--- DATA ---
━━━━━━━━━━━━━━━━━━━━

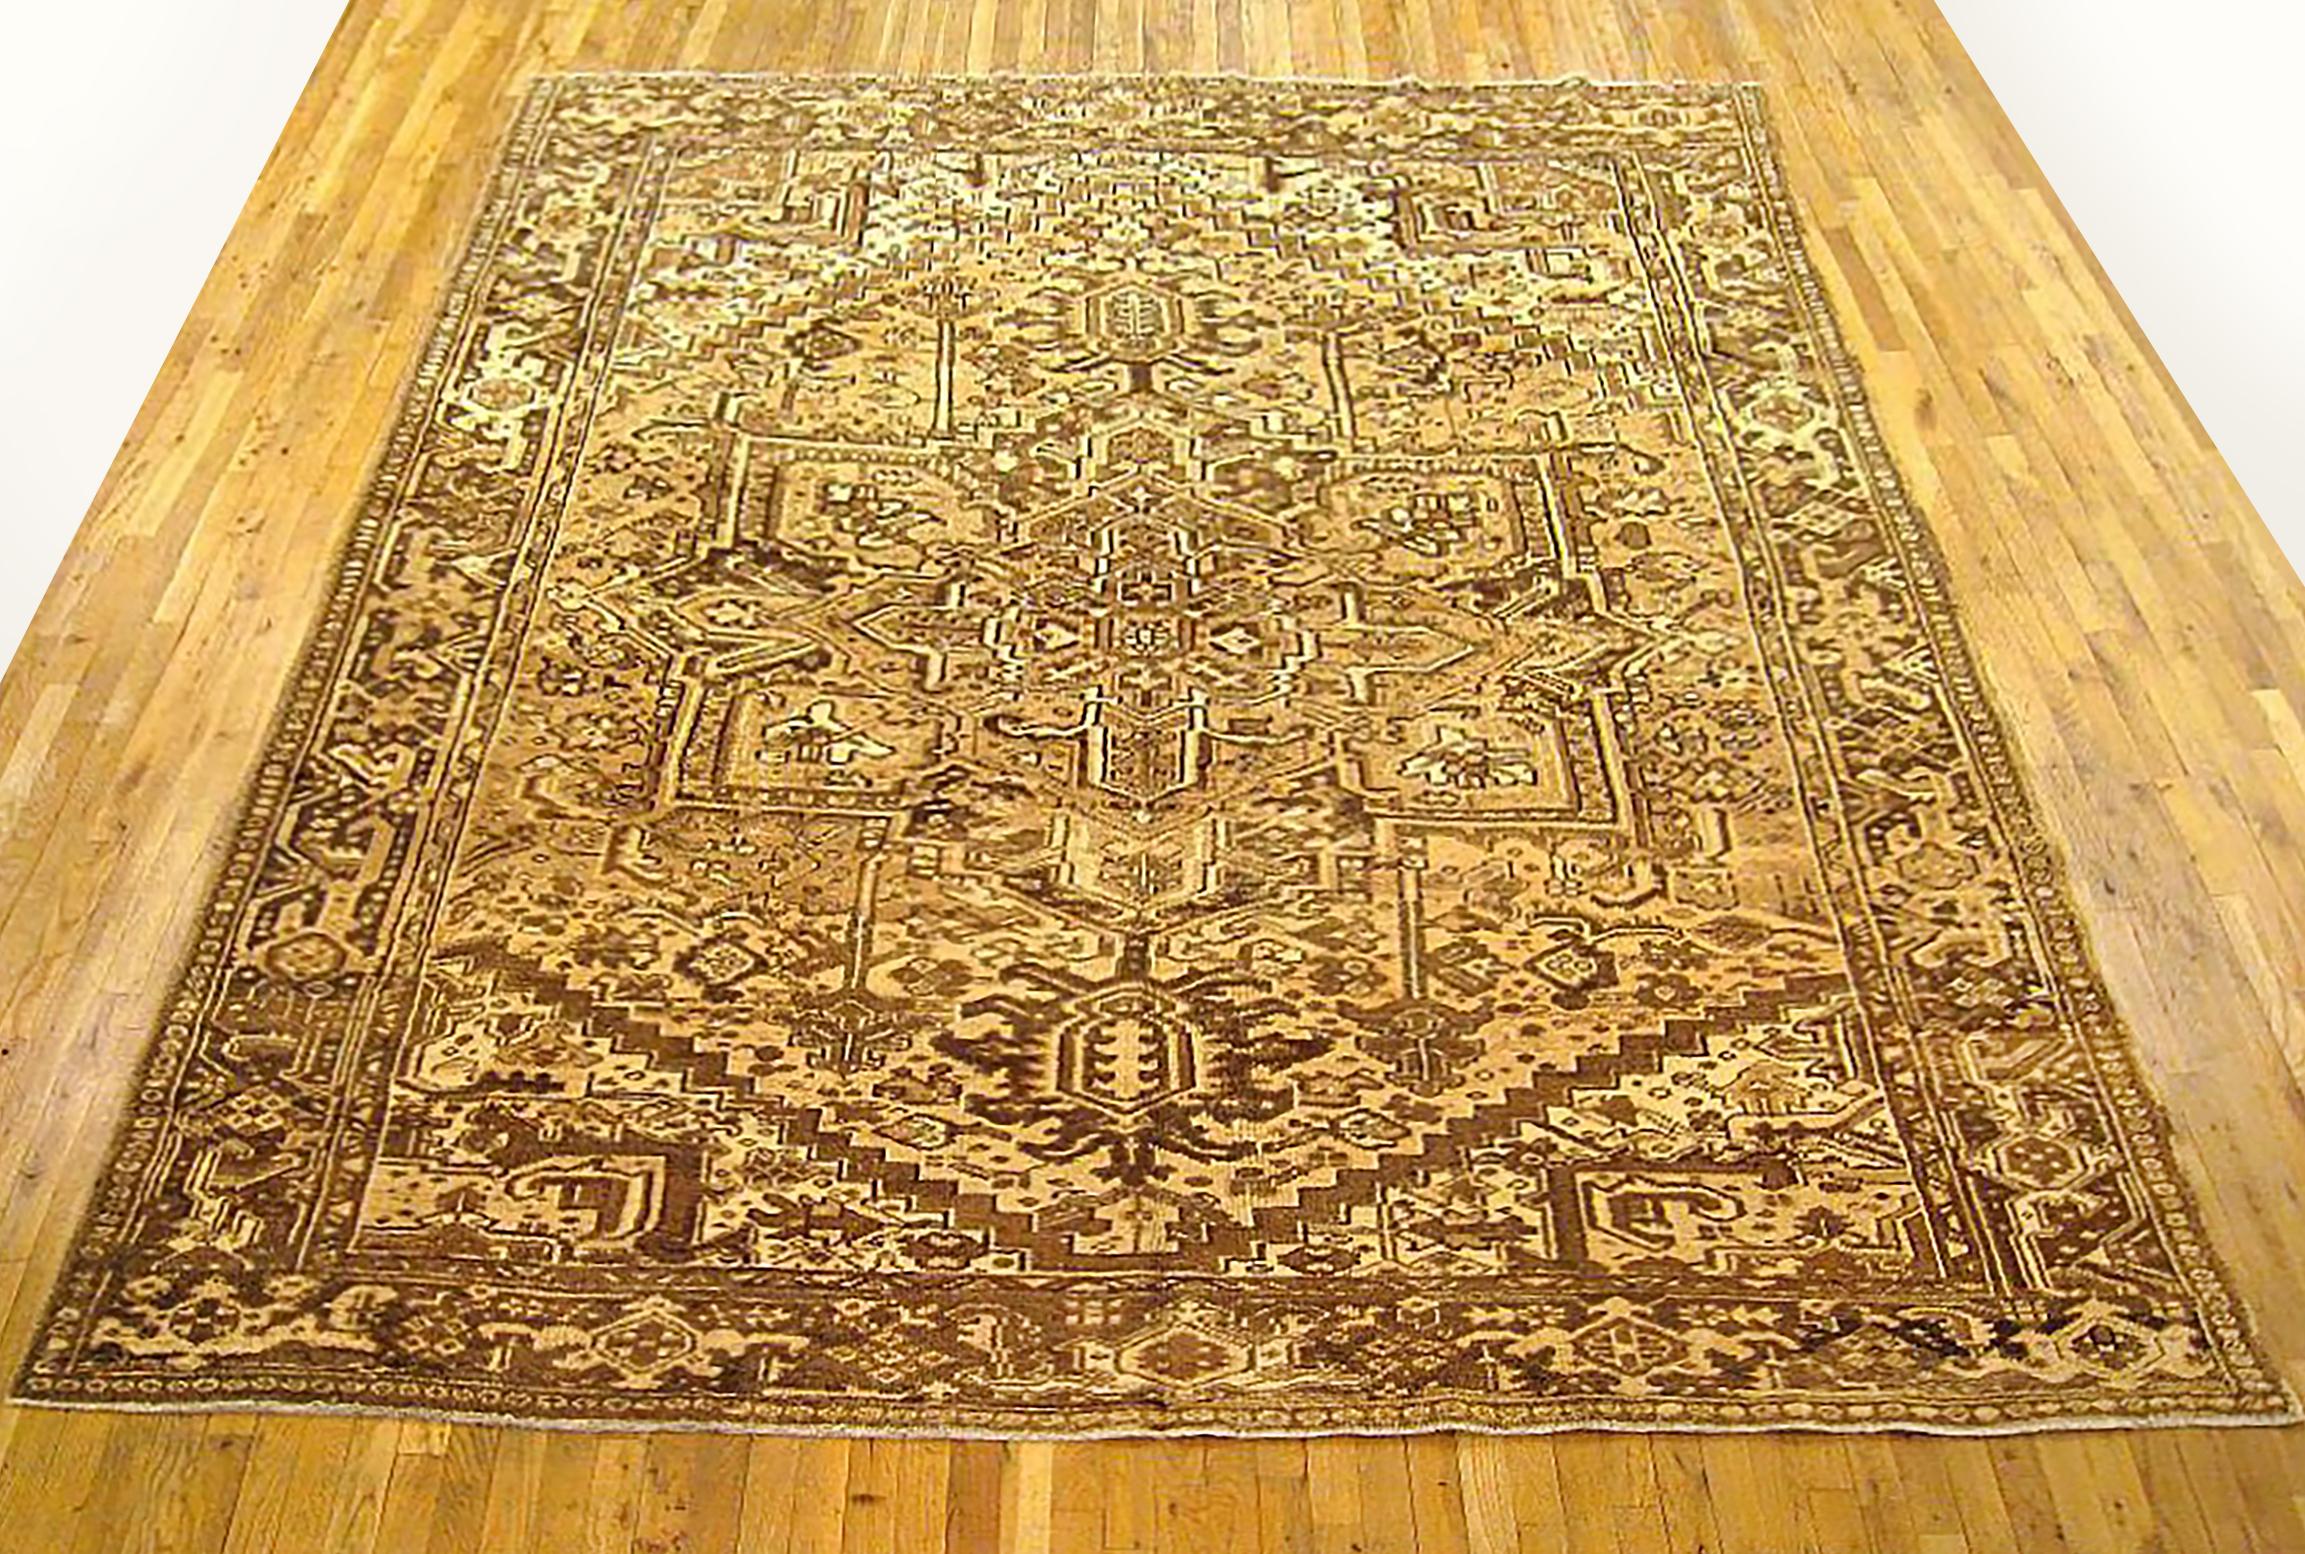 Vintage Persian Heriz Oriental rug, Room size

A vintage Persian Heriz oriental rug, size 11'2
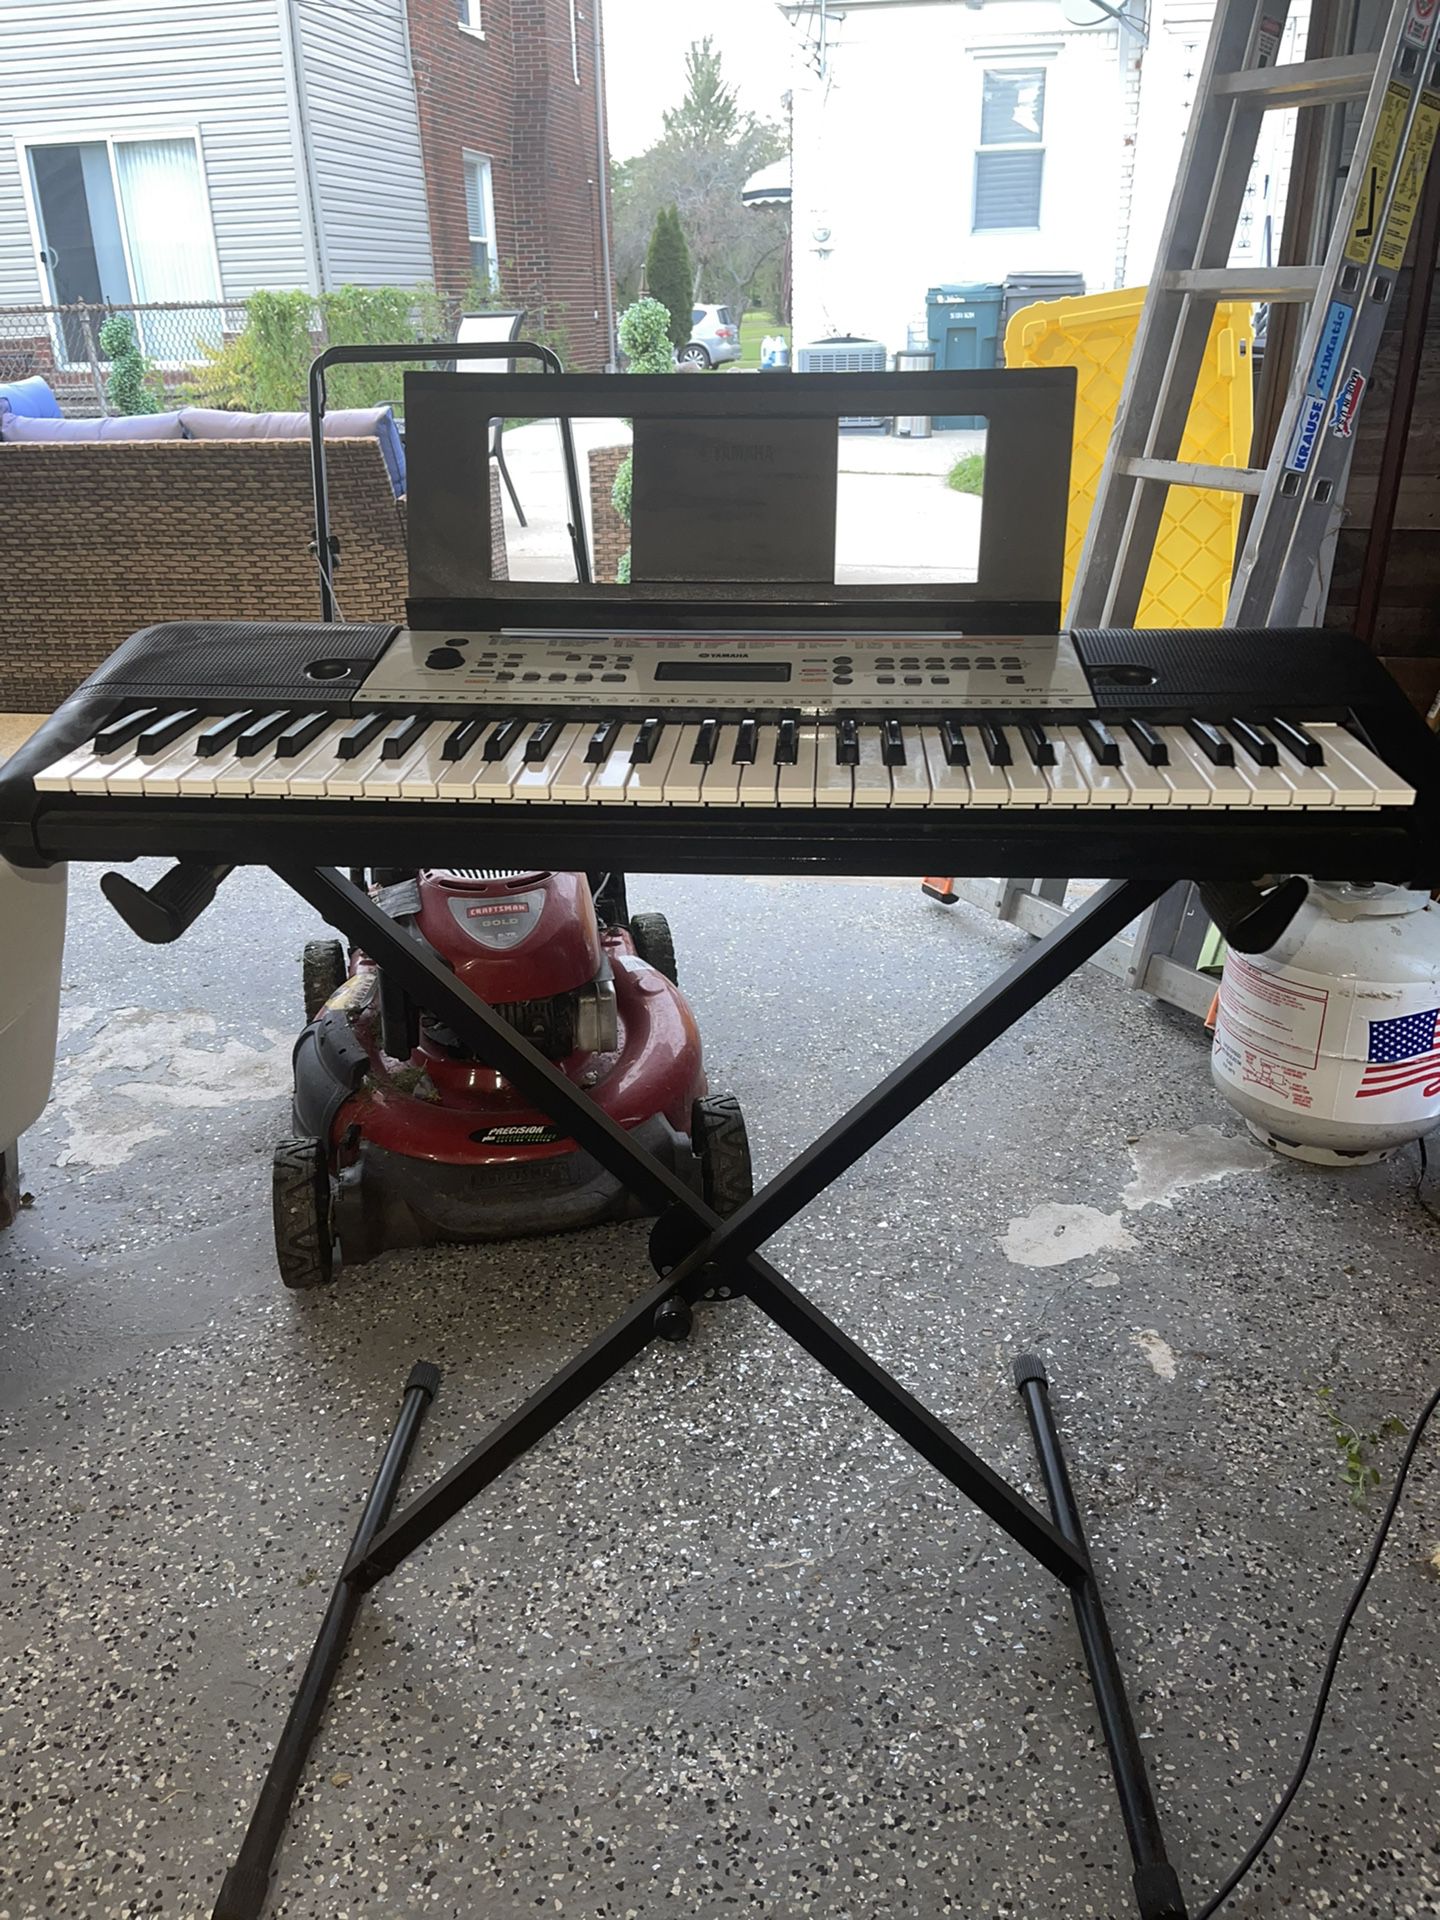 Yamaha Keyboard And Stand
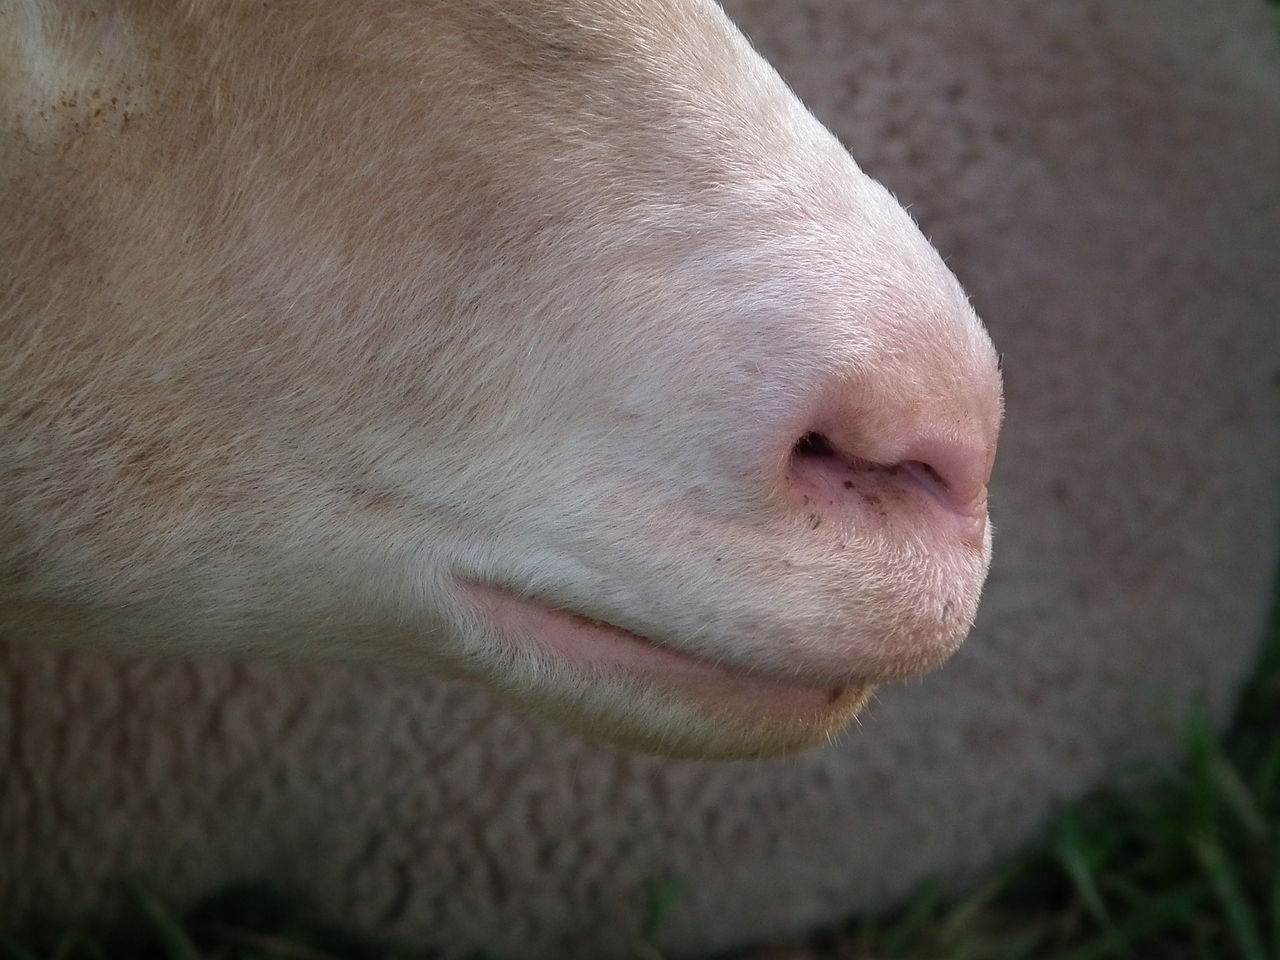 Beautiful Merinoschaf nose photo found on Wiki Commons, attributable to 4028mdk09

━━━━━━━━━━━━━━━━━━━━

--- WHAT IS NEEDED ---
The answer should contain every line of the material exactly as written and no pictures.

--- YOUR SOLUTION ---
 Vintage Persian Heriz Oriental rug, Room size

A vintage Persian Heriz oriental rug, size 11'2
 Yamaha Keyboard And Stand
 Beautiful Merinoschaf nose photo found on Wiki Commons, attributable to 4028mdk09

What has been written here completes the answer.